There is no `window`, `document`, DOM API, `require`, `process`, or
Node standard library in that context. Browser interaction happens
through the installed primitives, and `extract(...)` is the usual way
to move page data into local script logic.
For example, turn the extraction result into a smaller report without
running any page-side JavaScript:
```js
goto("https://news.ycombinator.com");
const topStories = extract({
topStories: [{
selector: ".athing",
limit: 5,
fields: {
rank: ".rank",
title: ".titleline > a",
url: { selector: ".titleline > a", attr: "href" }
}
}]
});
const report = topStories.map((story) => ({
rank: story.rank,
title: story.title,
url: story.url
}));
console.log(JSON.stringify({ report }, null, 2));
```
Use the `eval(...)` primitive only when you intentionally want to run a
string in the current page's JavaScript context. Page eval cannot see
agent variables or call `goto`, `extract`, and the other agent
primitives.
## 7. Same flow, external agent (MCP)
Everything above used Lightpanda's built-in agent.

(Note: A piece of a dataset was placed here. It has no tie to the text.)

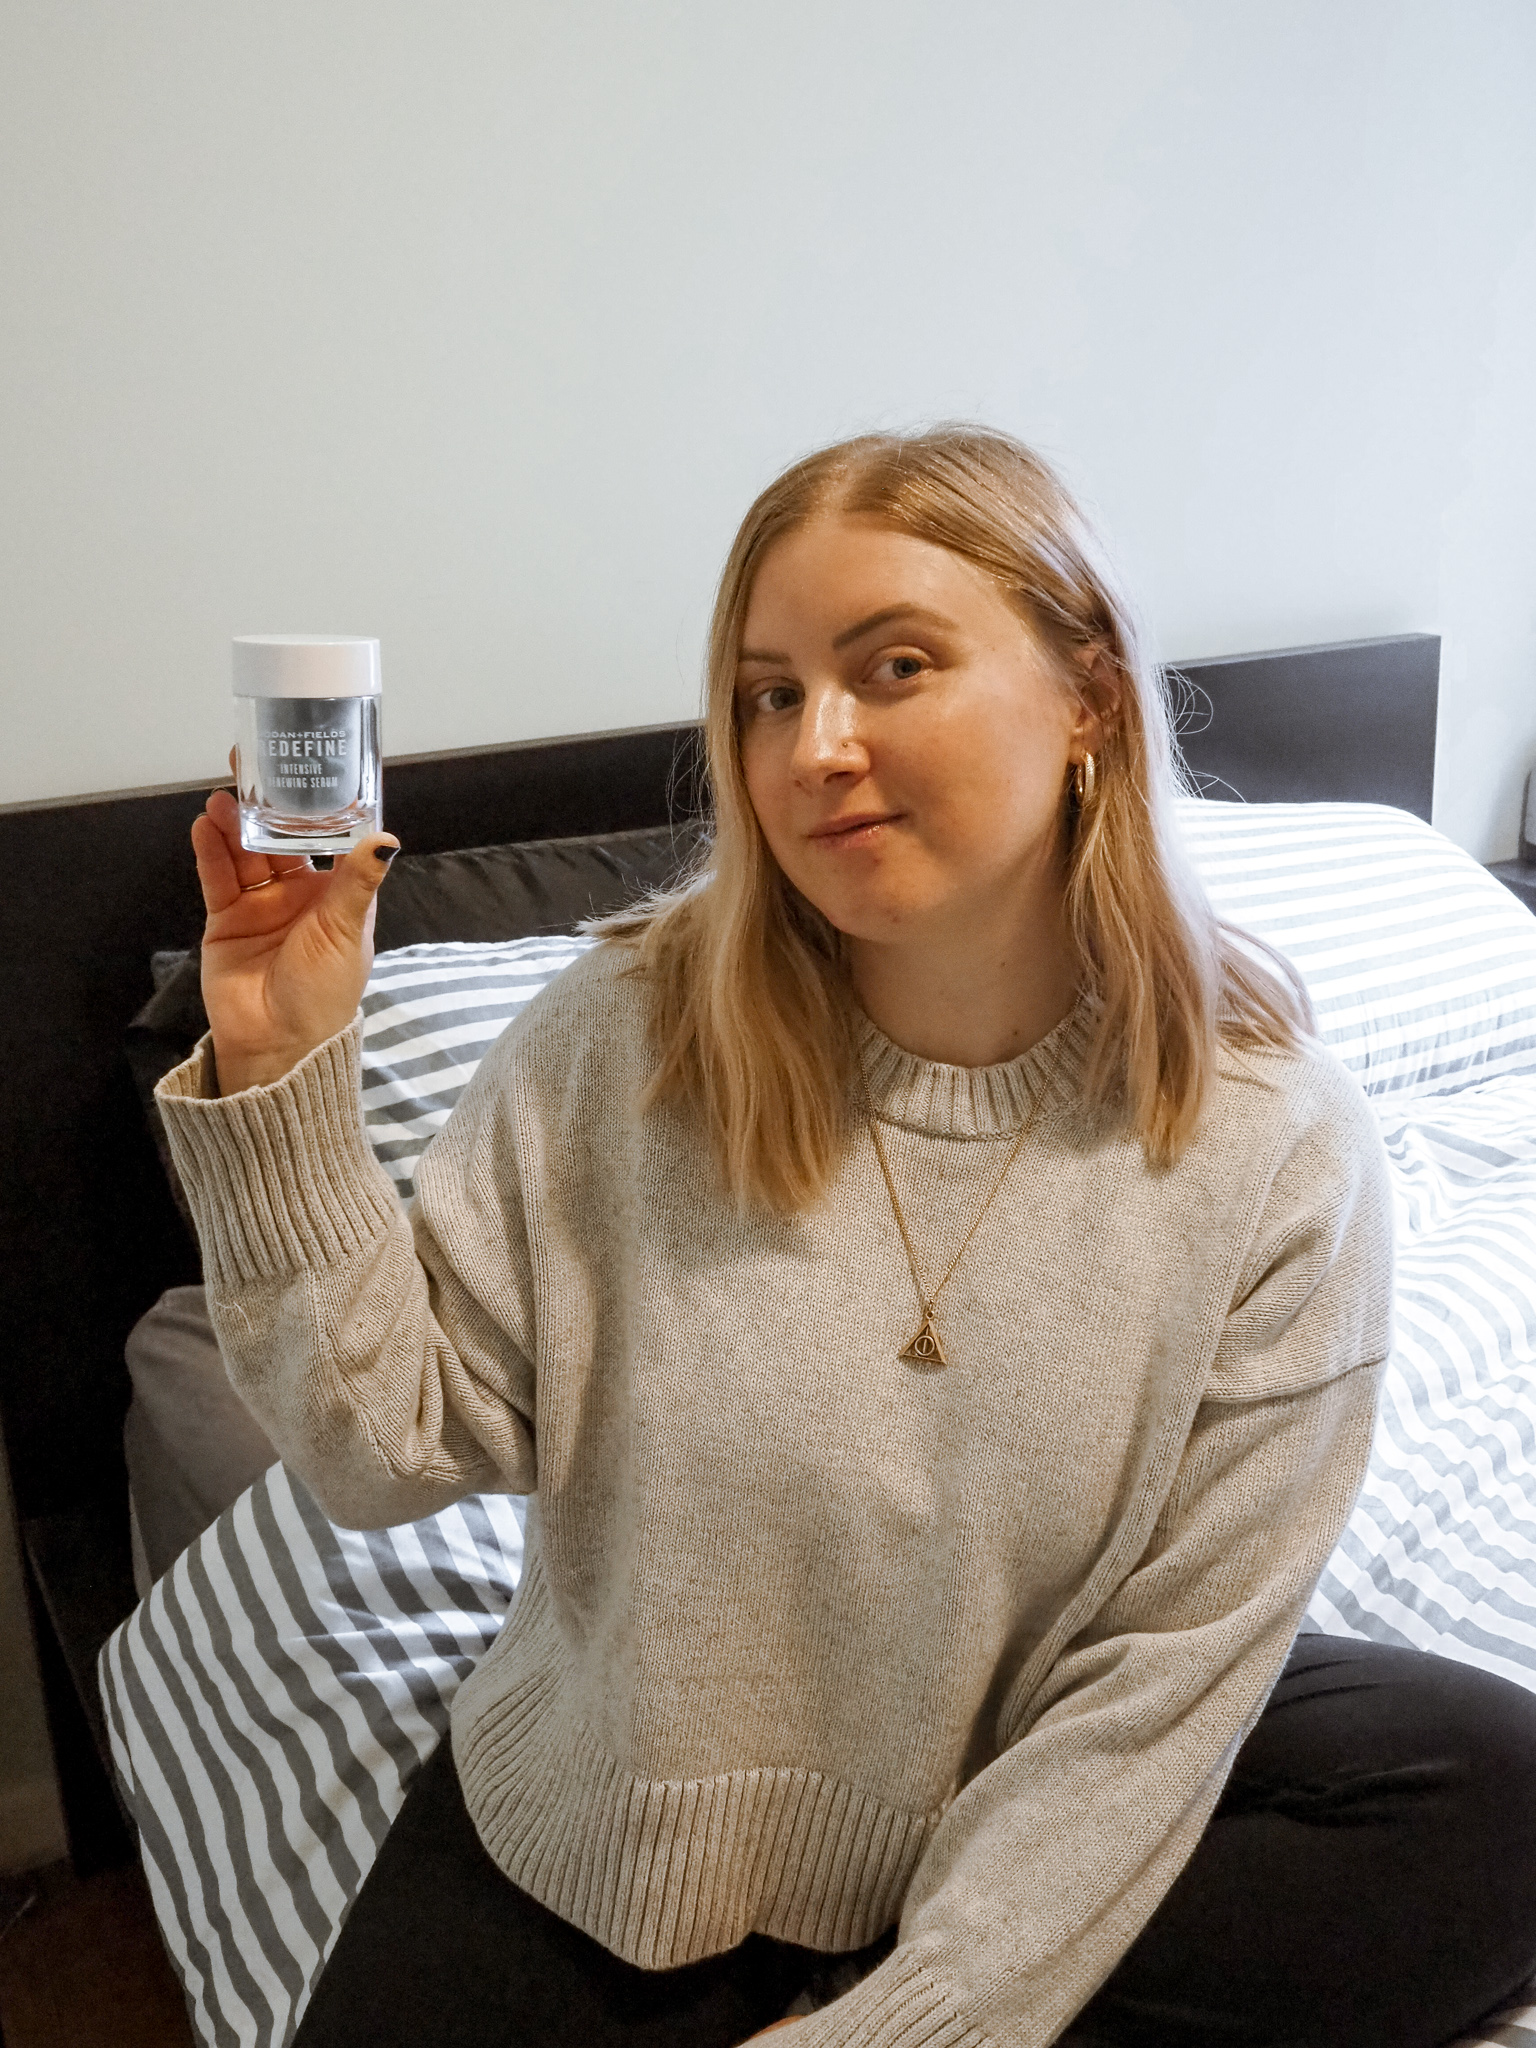 Kelsey from Blondes & Bagels reviews the new Rodan + Fields Intensive Renewing Serum. Find out the pros and cons of this new night serum!
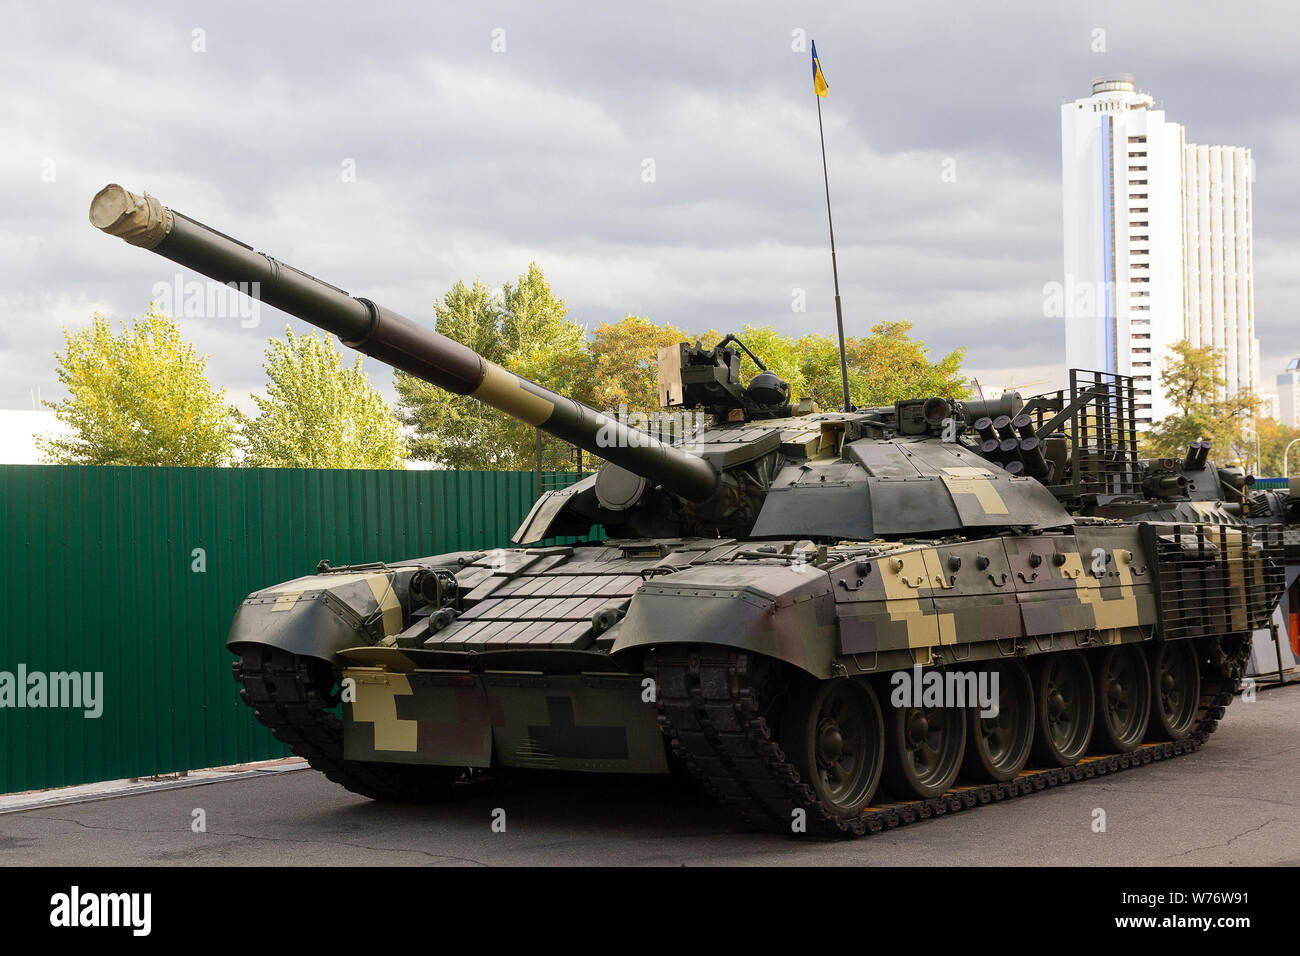 Kiev Ukraine October 13 17 Modernized Tank Of Ukrainian Production At The Exhibition Arms And Security 17 Stock Photo Alamy

If you're driving
Lightpanda from a different agent (Claude Code, a custom MCP client,
your own harness), use `lightpanda mcp` instead — same browser tools,
no API key on the Lightpanda side, the calling agent supplies the
LLM.
Register the server with your MCP client:
```json
{
"mcpServers": {
"lightpanda": {
"command": "/path/to/lightpanda",
"args": ["mcp"]
}
}
}
```
### Save a script over MCP
The MCP server has no LLM of its own — your external agent is the brain.
Drive the browser with the usual tools, then hand back a script with the
`save` tool:
1. Run the browser tools you'd call anyway: `goto`, `fill`, `click`,
`waitForSelector`. The server resolves `$LP_*` placeholders inside the
subprocess, so credentials never reach your agent's context.
2. When the task is done, synthesize a `.js` script from the steps that
mattered — call the builtins as JavaScript functions with the same
object arguments — and call `save { "path": "hn_login.js", "script":
"goto(\"...\");\n..." }`. The path must be relative and free of `..`;
the response reports the absolute location and line count.
The `save` tool's description carries the same guidance the REPL's
`/save` gives its LLM (prefer builtins, drop dead-ends, keep `$LP_*`
placeholders), and any literal `LP_*` value is scrubbed back to its
placeholder before the file is written. The output uses the same
JavaScript format as `/save hn_login.js` from section 4 and runs
unmodified:
```console
./lightpanda agent hn_login.js
```
## Where to go next
- [agent.md](agent.md) — full reference: every flag, every slash
command, every browser tool, plus the security model and
auto-detection rules.
- [agent-script.md](agent-script.md) — JavaScript runtime, primitives,
return values, and complete script examples.
- `lightpanda mcp --help` and `lightpanda agent --help` — current
flag listings straight from the binary.